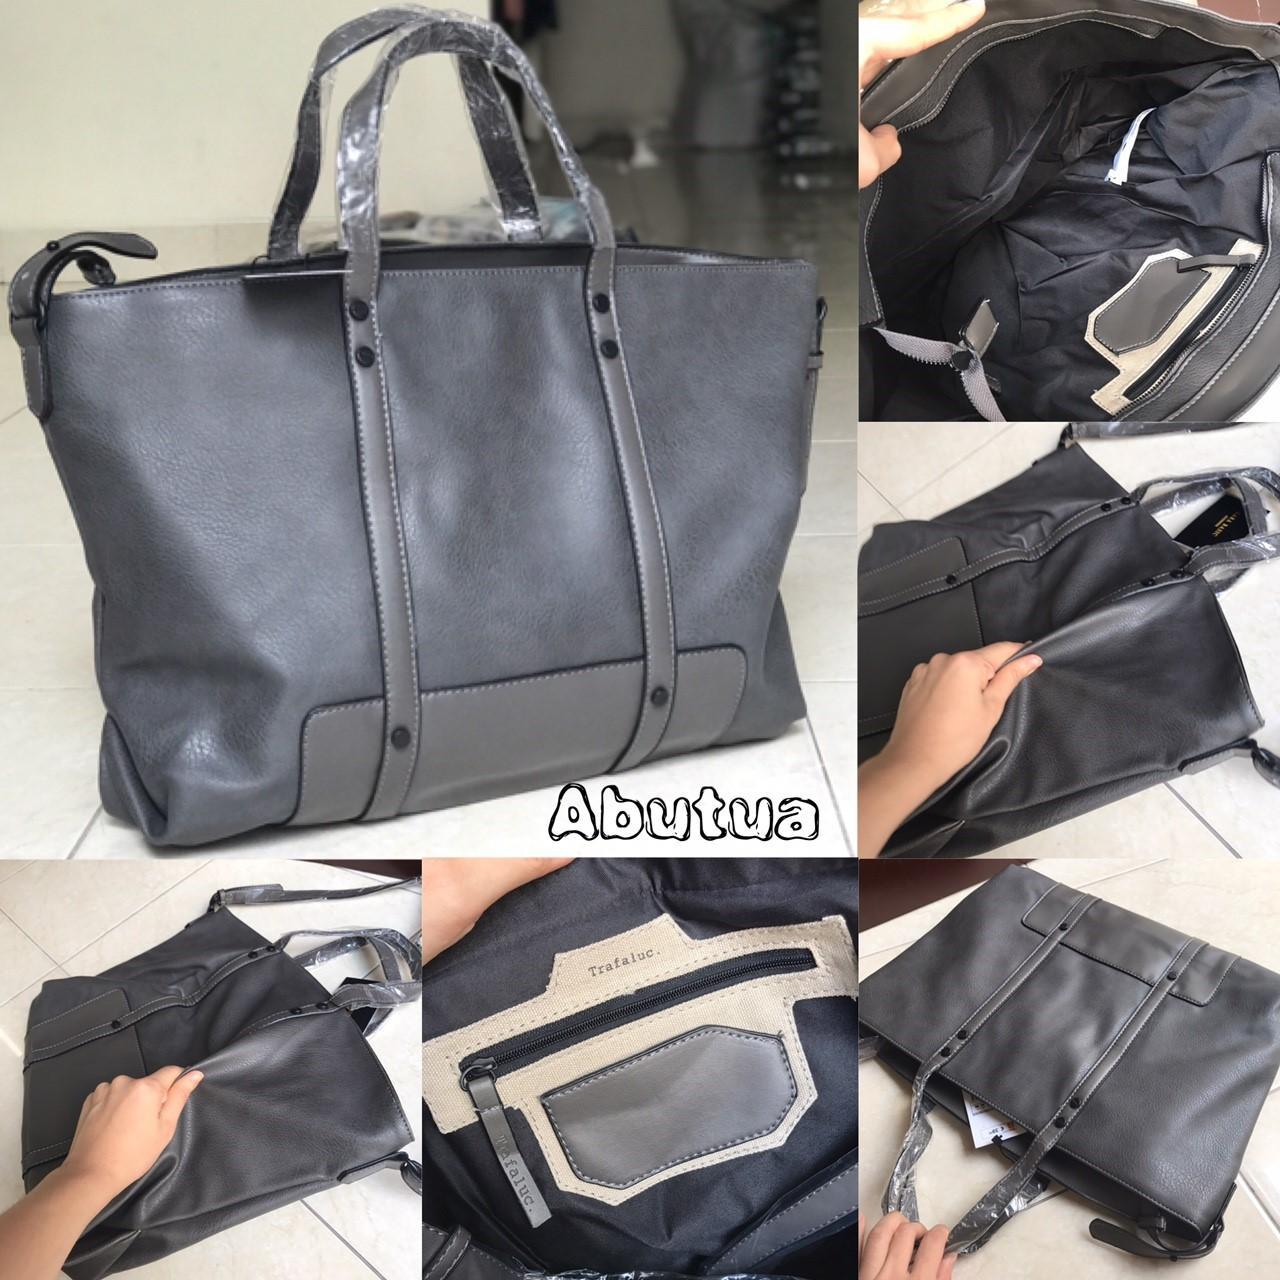 Tas wanita cewek branded handbag korea grosir cewek murah import Zar* BasicC
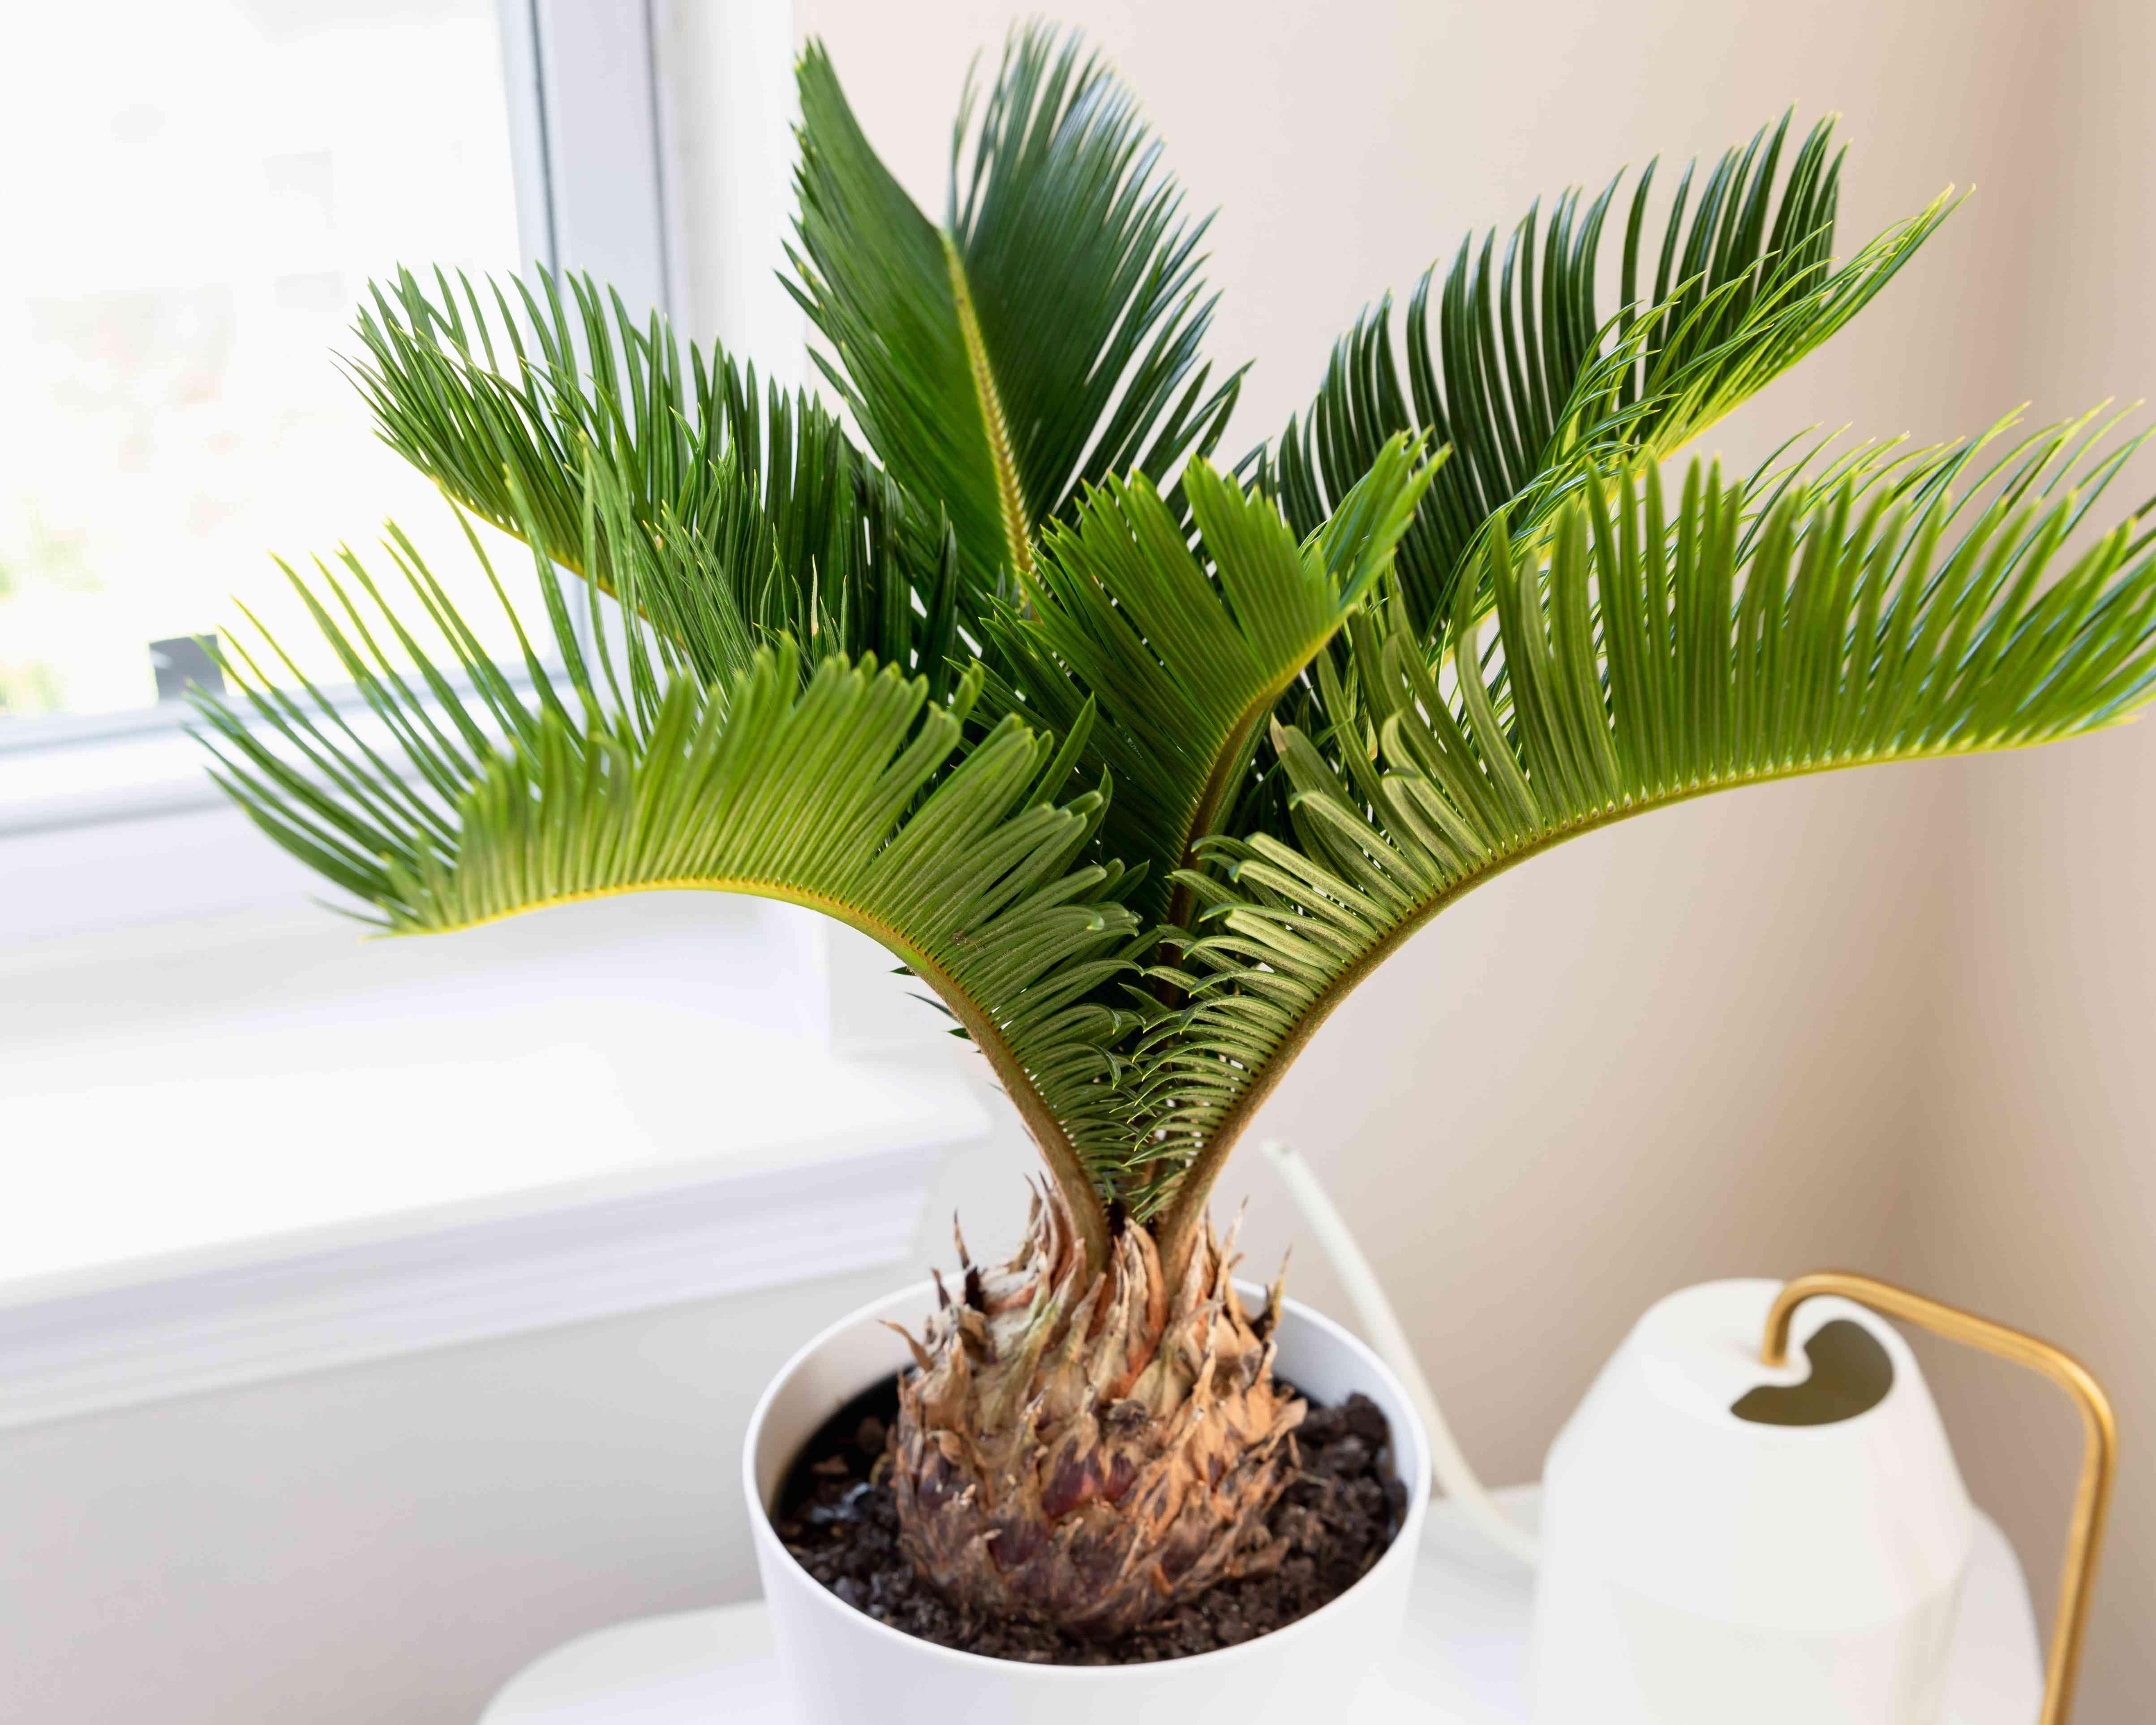 sago palm by a window
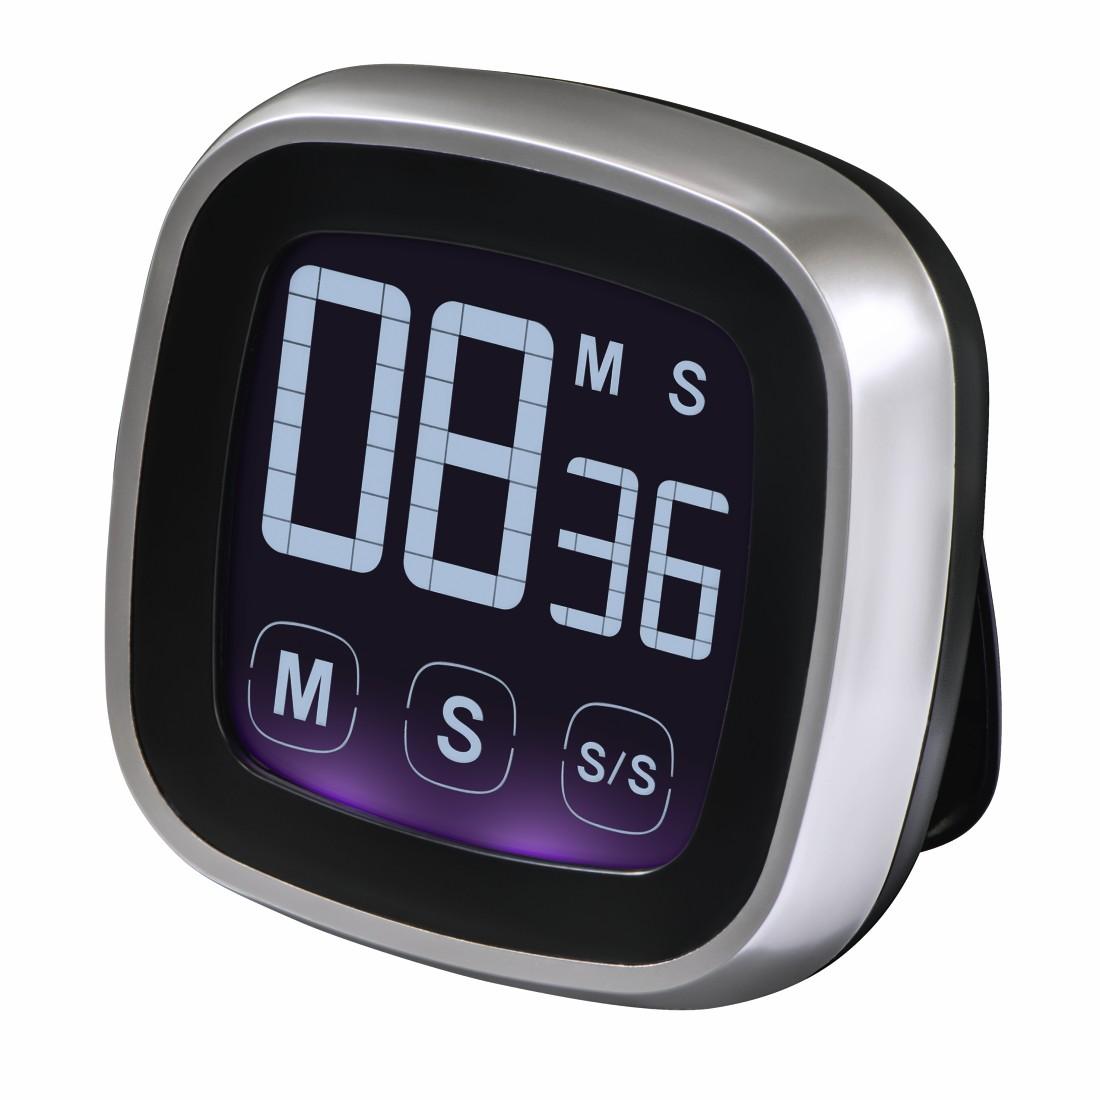 00095321 Xavax Touch Kitchen Timer Digital Silver Black Xavax Eu

* _INSTRUCTIONS TO FOLLOW_
Reprint the whole listing above exactly, taking out the pictures.

* _RESULT FOR THIS EXERCISE_
 Tas wanita cewek branded handbag korea grosir cewek murah import Zar* BasicC
 sago palm by a window
 00095321 Xavax Touch Kitchen Timer Digital Silver Black Xavax Eu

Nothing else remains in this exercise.